Matt Dickerson: Following a beeline through snowy woods

Just 40 yards from my stand, the tracks cut across the lumber trail I was walking along. They were too big to miss even in the dim light of dawn.
Bee thief. Honey stealer.
Black bear.
The tracks, left in three inches of heavy wet snow, were still distinct and fresh. Probably less than an hour old, I thought.
Five subsequent thoughts then crossed my mind, in the following order, I think.
Thought No. 1: This is really cool. It would be even cooler to actually see a bear. I hadn’t seen a bear in Vermont in two years.
Thought No. 2: I’m probably not going to see a deer this morning. I really didn’t imagine a deer wandering past my stand when there was fresh bear scent in the area.
Thought No. 3: I should skip deer hunting and follow the tracks!
Thought No. 4: He (or she) — which is to say, the bruin — had probably been in my bee hives, which were less than 200 yards away through the woods from where I stood, looking at the tracks. This was an even more discouraging thought than Thought No. 2.
Thought No. 5. Really more of an impulse of my imagination than a rational thought. Something that flashed across my mind. I’m really glad that, for the first time this hunting season, I hadn’t set my alarm. I had slept in an hour later than usual and was walking to my stand in the first light of dawn and not in the pitch dark an hour before dawn.
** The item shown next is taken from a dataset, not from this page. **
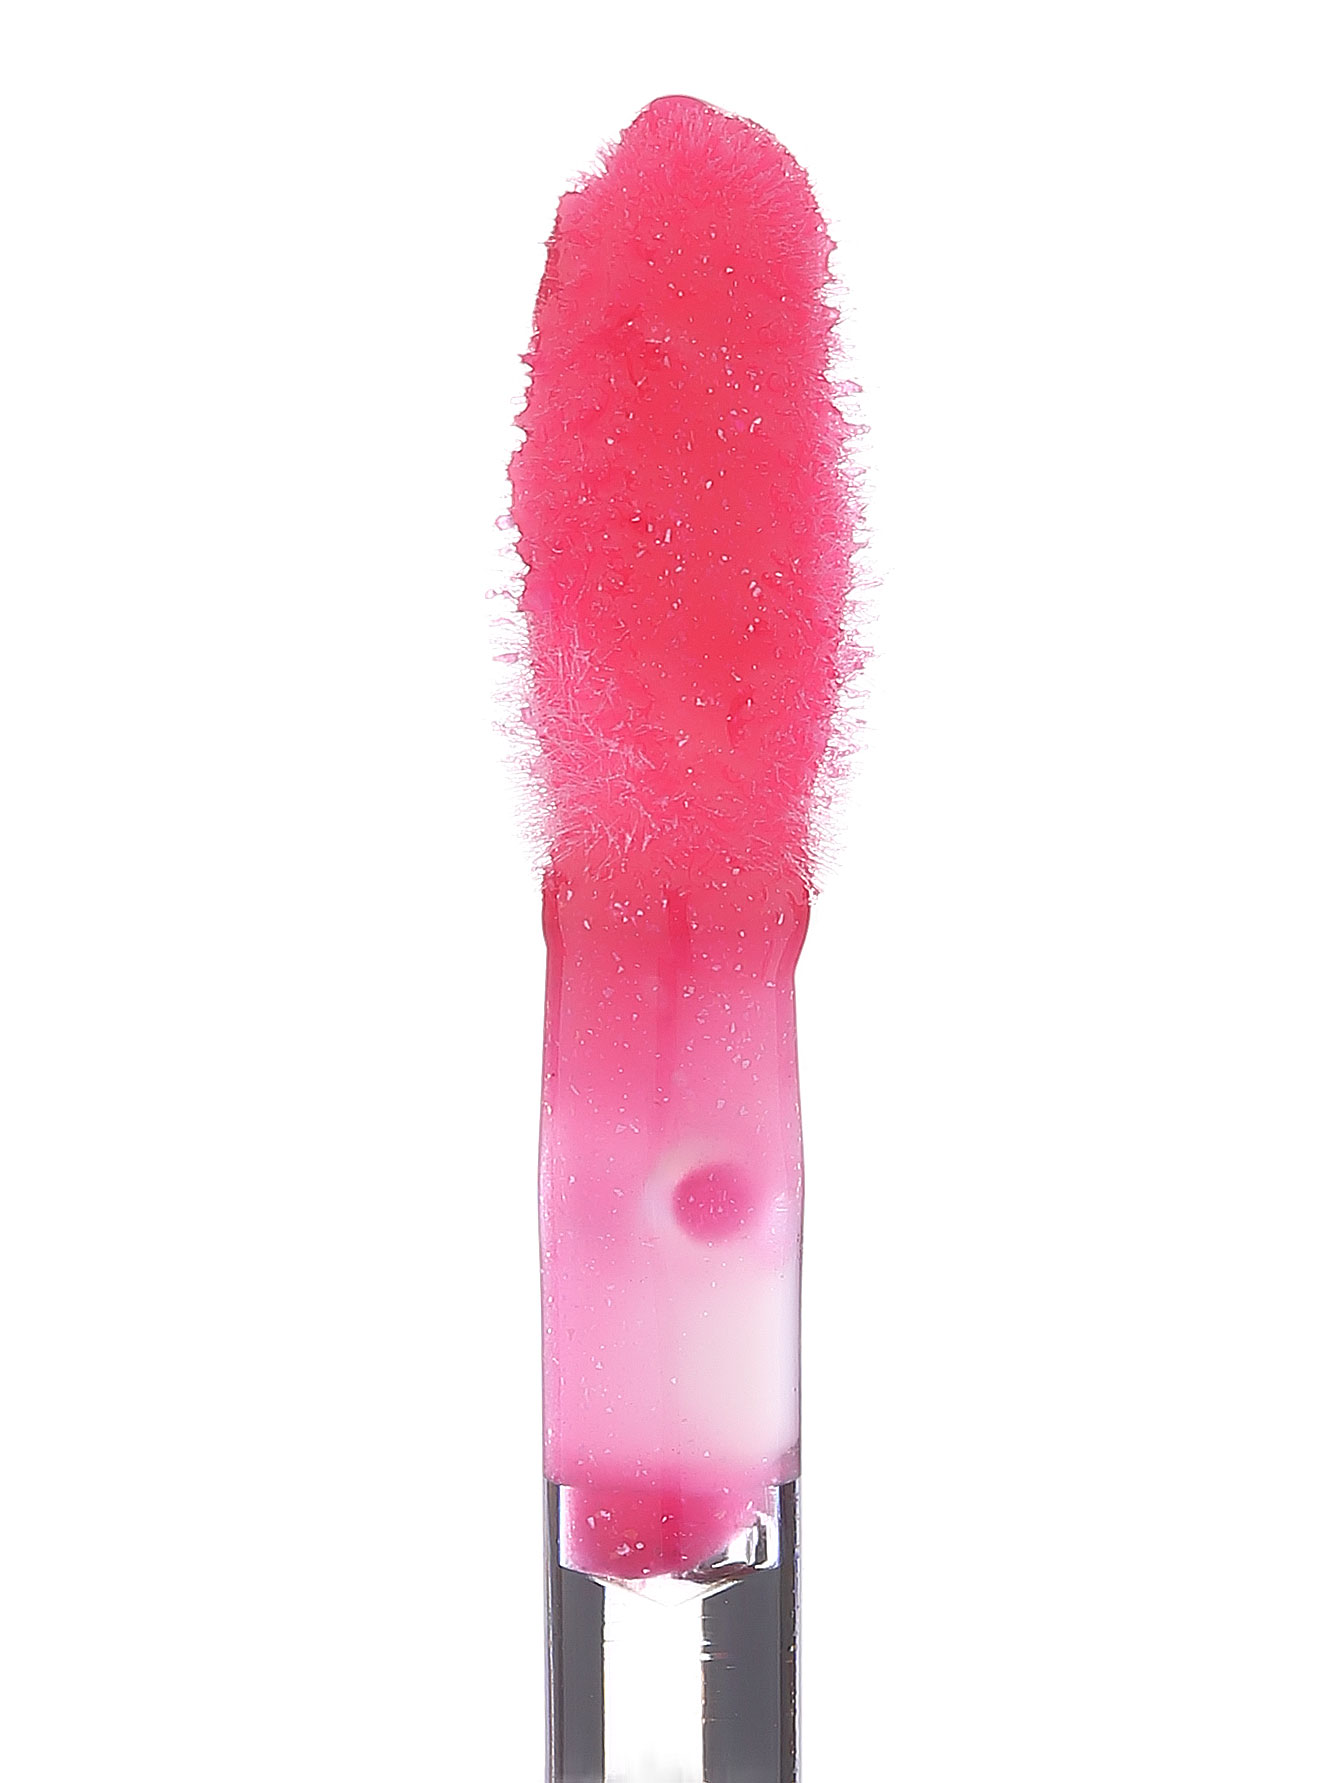  Блеск для губ - №240 Passionate Fuchsia, Pure Color Gloss - Модель Верх-Низ

Despite the Thought No. 2 — and maybe with the Thought No. 5 breathing down the back of my neck — I quickly climbed up into my tree stand and sat waiting for a deer to pass by. A deer I was fairly sure was not actually going to pass by. I focused my deer-watching attention on the woods on the opposite side of the stand from the tracks, furthest from the scent of the bear. But my bear-watching attention kept drifting back the other way.
I saw no deer or bear. Nothing but squirrels, chickadees, and nuthatches. I heard nothing but sudden thumps when large heavy clumps of melting snow slid off branches, crashed through other branches, and slammed into the ground.
Three hours after climbing up, I climbed back down from my stand and decided to go with Thought No. 3. I should have gone with Thought No. 3 from the very start. The tracks were now three hours older.
I followed them. Twenty-five yards into the woods, the tracks grew even more distinct. And bigger, I thought, though it wasn’t really possible that the bear had grown. I could see not only individual pads and toes in the prints, but distinct claw marks. They went straight up the north side hill.
I followed.
The tracks did not veer for obstacles or to follow the hill’s contours. They plowed straight up the steepest part of the slope, over fallen trees, and through bushes. They followed a beeline. Or, rather, a bee-thief-line. I occasionally detoured around the obstacles but kept on the tracks.
The tracks continued over the hilltop and down the other side. On the south-facing ledge the snow had melted off in patches. The tracks disappeared. I began to look around me. There were large cracks in the ledges on both sides where a bear could hide. I slowed my pace and went more cautiously, but I walked on. On the far side of the bare patch, where the snow picked up again, the bear tracks continued on still following that beeline.
Another 50 yards ahead they disappeared in another patch of bare ground. I circled around all sides looking carefully at the snow. All sides except for one, which dropped down a very steep slope. The tracks did not emerge on any other side. The bear, I assume, had dropped over the edge and was someplace down below me, probably apartment hunting for a little studio or one-bedroom where she (or he) could cozy up for the winter.
Disappointed, and a little relieved, I turned and headed back down the hill following my own tracks. I checked on my bees, half expecting to find bear tracks leading up to my electric fence, backing up suddenly, and then loping off in another direction. Or to find that my fence was not working and my hives had been torn to pieces.
Both guesses were wrong. The bee thief had kept clear of the bees.
Thought No. 6. I love living where there are wild bears. Especially when they stay away from my honeybees. They are the best possible excuse for not harvesting any venison on a snowy vacation day.